Friday, March 18, 2016

Trump?

Trump is a plutocrat. Plutocracy -- government by the rich -- is an amoral authoritarian system, even worse in principle than a totalitarian one with good intentions. It is easy to expose a hypocrisy, but not to depose blatant aggression.
The job of government is not to regulate money but to serve people. This may involve the regulation of people at times. So be it; the argument is simply semantic. "Serving" money would at any rate, if we are to level, be the worst of all possible aims. Money is an abstraction. it is not a resource. It is a representation of resources. It is not a service or a being. It is a system of control.
The people who support Trump tend to be ultra-right Fascists, uneducated farmers, aspiring young business-people, and conservative Christians whose minds are still-stuck in the McCarthy era of anti-Leftism.

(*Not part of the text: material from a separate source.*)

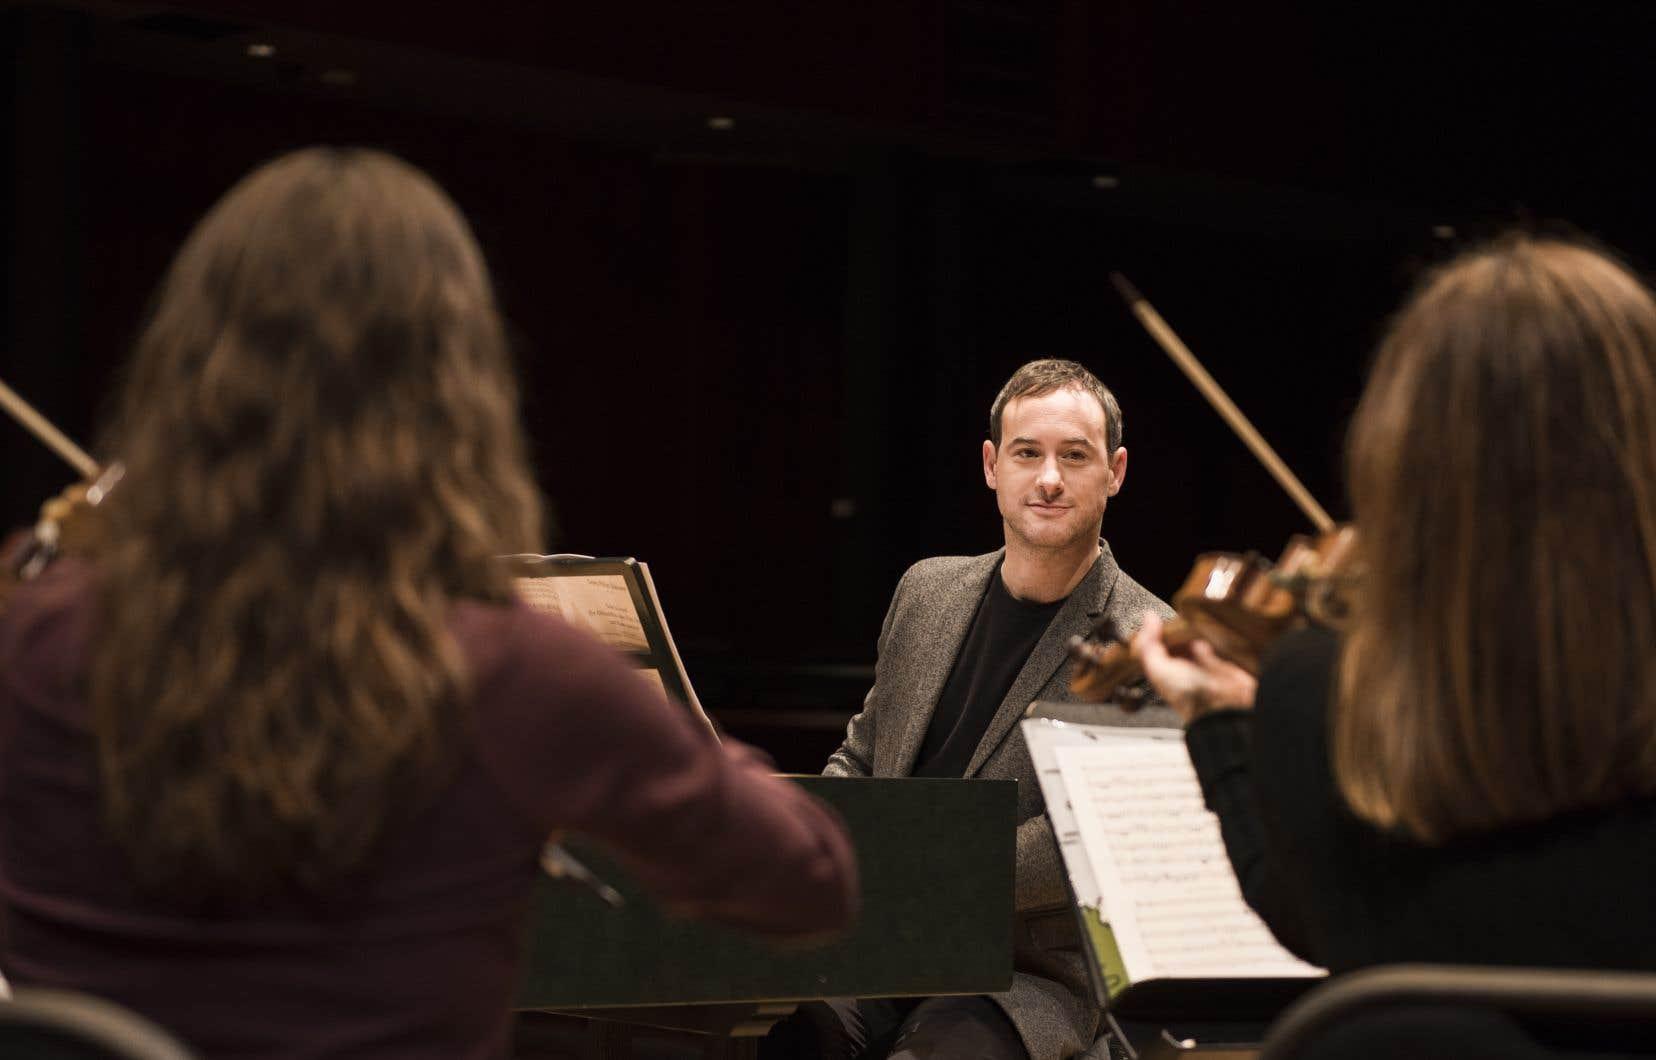 Le programme «Magnificat!» de Jonathan Cohen est l'occasion rêvée de nous intéresser à l'œuvre sacrée dans la famille Bach et, surtout, à des personnages moins connus de la lignée.

1. Ultra-right Fascists like him because he vows to rid their nation of minorities who are perceived as an "objective threat" to the over-all economy, despite their immediate material needs and benefits on a smaller scale. They would love to have a charismatic leader to speak for them, negotiating on their behalf. the authoritarianism of such a merger of corporate and state power does not at all bother them. These people tend to frequent the Politics Board of websites like 4chan.
2. Uneducated farmers like him because he echoes the prejudices of their up-bringing in a fashion that endears him to them by virtue of an irrational prejudice. Figures. Many of them probably do not even know what projection is. Even the most “literate” farmer I have ever met knew nothing of psychology.
3. Young business people think of the country as a business. This is madness. Any merger of business and politics has all ways been oppressive. Mussolini himself defined Fascism as a merger of corporate and state power. It would be cute if you could operate the country in such a fashion. But at one point or an other one realises that one has to surrender control in order to honor others and their needs. Sanders has a long-standing history of championing the needs of people. Trump has no such history. He has all ways served his self. He is only an idol to people who are likewise interested in serving their selves. Many of them might be good people who see the ruthlessness of the competitive market-place as simply a necessary evil towards the perpetuation of good business. They like to poke holes in things like socialism because they do not see their own contributions to its failings and do not wish to take responsibility for it. As I have said: any merger of business and politics is oppressive. Communism in its purest sense eliminates business all together, replacing the abstraction of profit with material needs as its main goal. It has only gone wrong where it failed to eliminate the monetary system. Such limitations as it faced are however now archaic.*
4. Conservative Christians like Trump because he represents the judeo-christian ethic of the self-made man. Their religion is based entirely in the cession of authority to a messianic figure. Trump fits the bill, even if they will not admit this to be sacrilege.
They all so hate Sanders because they do not want to admit that the status quo has every problem that they ascribe to Communism and Socialism, with the exception that they are not obligated by State to be any thing but greedy. That responsibility remains with the Church, who have no motive to really preach generosity either.
Oh, and they do not see why it is imperative to try some thing even if it has failed in the ostensible past.
All in all, only the ignorant ego would favour Trump. And this is empowered by a loss of faith in radical social change by a generation of people who have information but not wisdom. Dm.
*There is one further problem to the business mentality. People think we owe money to China. It is no stretch of the post-modern imagination to see the joke of the matter here. Money is not backed by any thing any more. The gold standard is dead. The Federal Reserve could theoretically pay off all our debts to China. Since it would be going abroad it would not affect our inflation. China would simply have more spending power in the world market. (As Lao Tzu would say: the sacrificial feast.) It could buy more of our goods, and any good, theoretically, but no one is obligated to sell that good to it. So that money would not have to return to U.S. circulation, and its value would not be depreciated by the sudden presence of the money. Nationalists hate this. They want China to fall apart. It is really a weak power. It is supposed to be “moving towards” capitalism, but that notwithstanding Xi Jinping is as bad as Mao Tse Tong, and no: the move towards capitalism is not a reaction towards Xi but rather an extension of his policies. There is only one problem then: the National Reserve is a private bank. It is one of three that control our money.
People do not realize that money is a system of control. So they vote for a man who “knows how to make it”. But his deals are ruthless and would be insulting to the world powers. This is not a game of [M]onopoly. This is the world. To negotiate in international politics requires a sensitivity to the needs of different people in different cultures. Only bigots and dogmatists who hate other cultures would support a man like Trump. They are politicians who criticise “Multi-culturalism” like it’s just some neo-Liberal agenda and not a natural out-growth of the civilized human being becoming aware of its world on a larger scale.
Oh and yes. I agree with you that Hillary is a ¢un+. She can only be elected if the neo-liberals are stupid enough to elect based only on gender and if the rest of the population dismisses an honest politician just because he belongs to a political radicalism mainly unheard of in this day and age of imperial privilege. Dm.